I also explored Lake Volta, the largest man-made body of water
in the world based on surface area, contained behind the Akosombo
Dam. It generates a substantial amount of Ghana’s electricity and
was the country’s most ambitious development project, as a newly
independent state in 1966, led by Ghana’s first president Kwame
Nkrumah. Nkrumah was a character I had long heard about and his
revolutionary ideology is still heavily revered around the African
continent today. Walking through Accra’s Kwame Nkrumah Mausoleum,
captivated by the bronze statues, fountains, and peacocks, I was
most drawn to the impeccably curated collection of Nkrumah’s
personal belongings, which included the smock he wore while
declaring Ghana’s independence, as well as copies of personal
correspondence and numerous photos of him standing shoulder to
shoulder with various world leaders – including Fidel Castro.

In stark contrast to the mausoleum and its gardens’ tranquility
was the organised chaos of the capital’s Makola Market. Here, I was
surrounded by a multitude of women traders, along with a handful of
men, all of whom called me over to peruse their goods. They were
selling everything under the sun, my favourites being the colourful
afrocentric wax-print fabrics for tailoring, authentic shea butter
for the skin and the feast of Ghanaian delicacies such as yam,
kenkey (a corn-based dumpling), dried fish and freshly baked bread.
Despite being “Ghanaian”, vendors still clocked me as “foreigner”
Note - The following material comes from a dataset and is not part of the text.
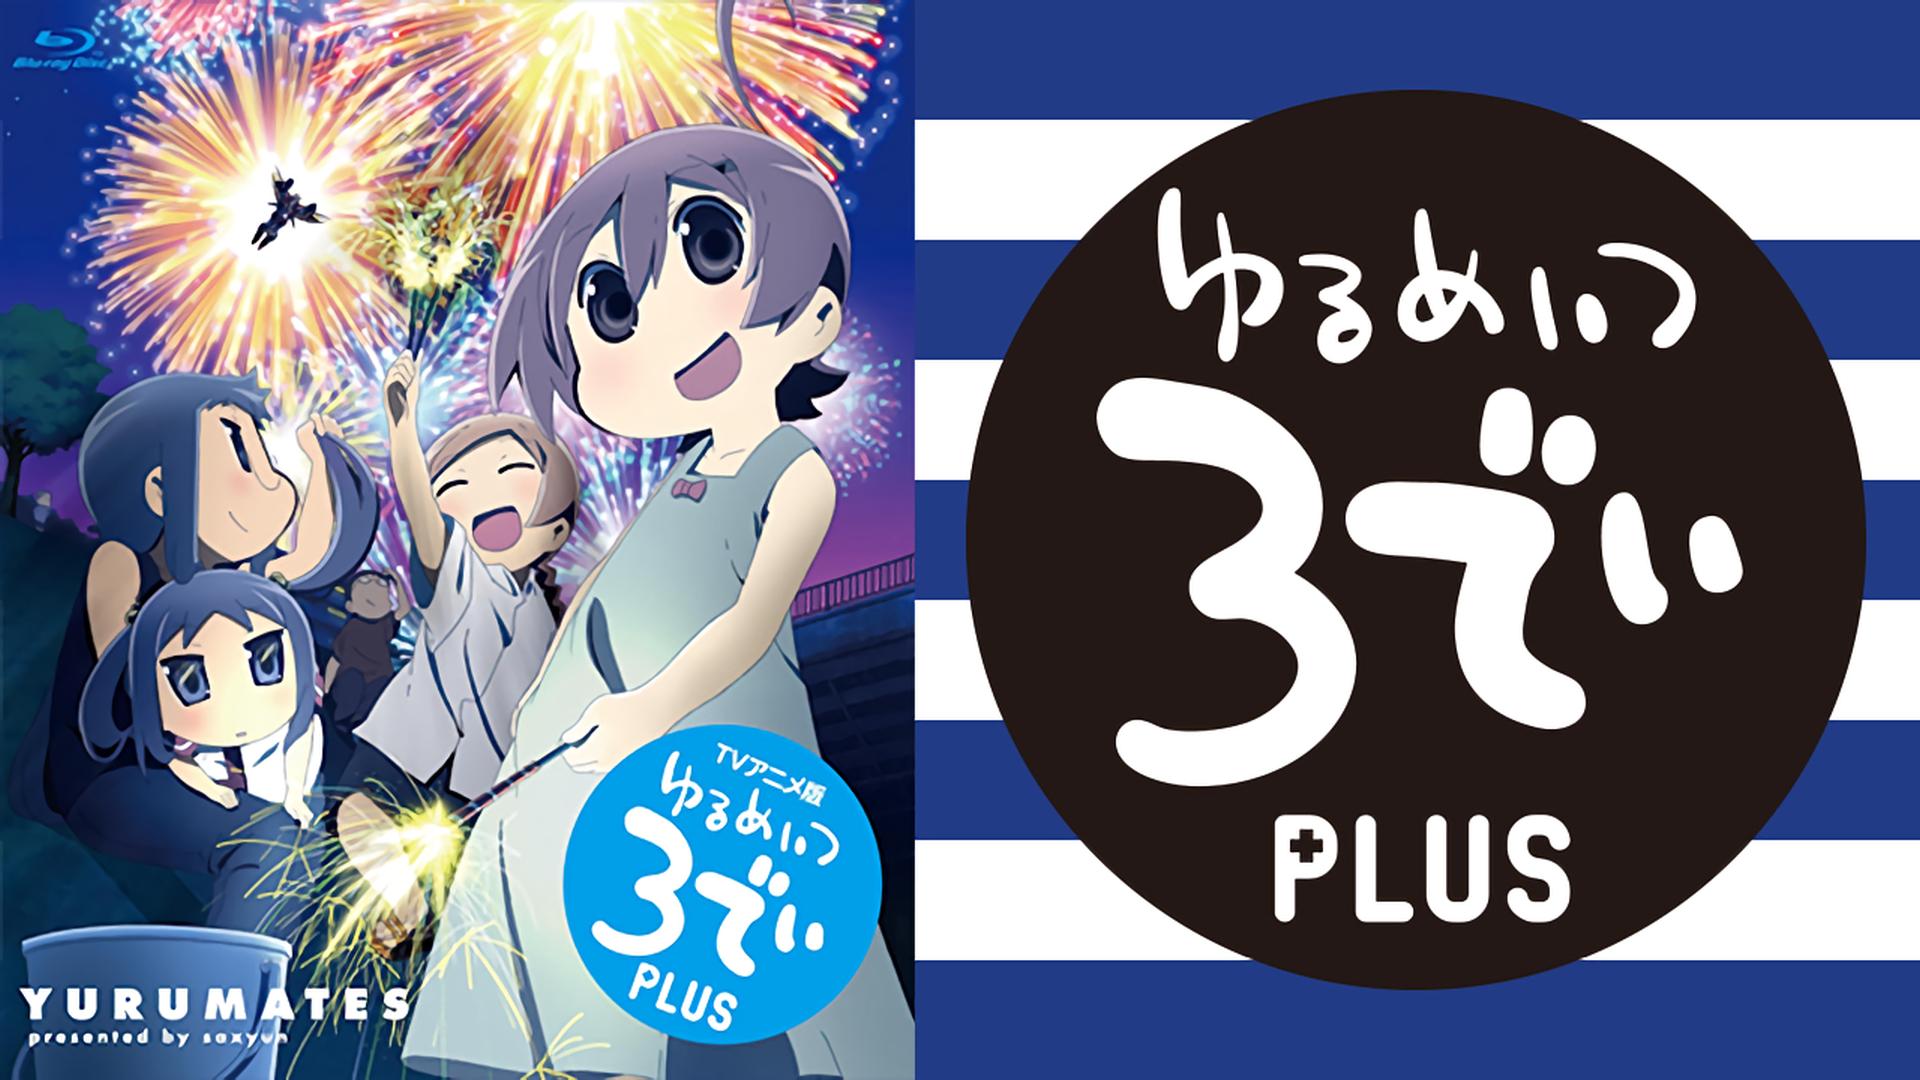 TVアニメ版 ゆるめいつ 3でぃ PLUS(dアニメストア)

and hiked up their prices accordingly, leading to repeated rounds
of haggling.


No longer a child, and exploring this country as a solo
British-Ghanaian woman, I – at times – felt like a fish out of
water. I still don’t know where I quite fit in with it all. There
remains a lot for me to discover about Ghana, from the
fast-changing cosmopolitan appeal of Accra to the quiet simplicity
of rural villages. But, as my plane readied for take-off from
Kotoko Airport, I smiled; I had finally become acquainted with my
home away from home. And now that Ghana has started rolling out its
vaccination programme, I eagerly anticipate the day when I will be
greeted by the word “Akwaaba” once again.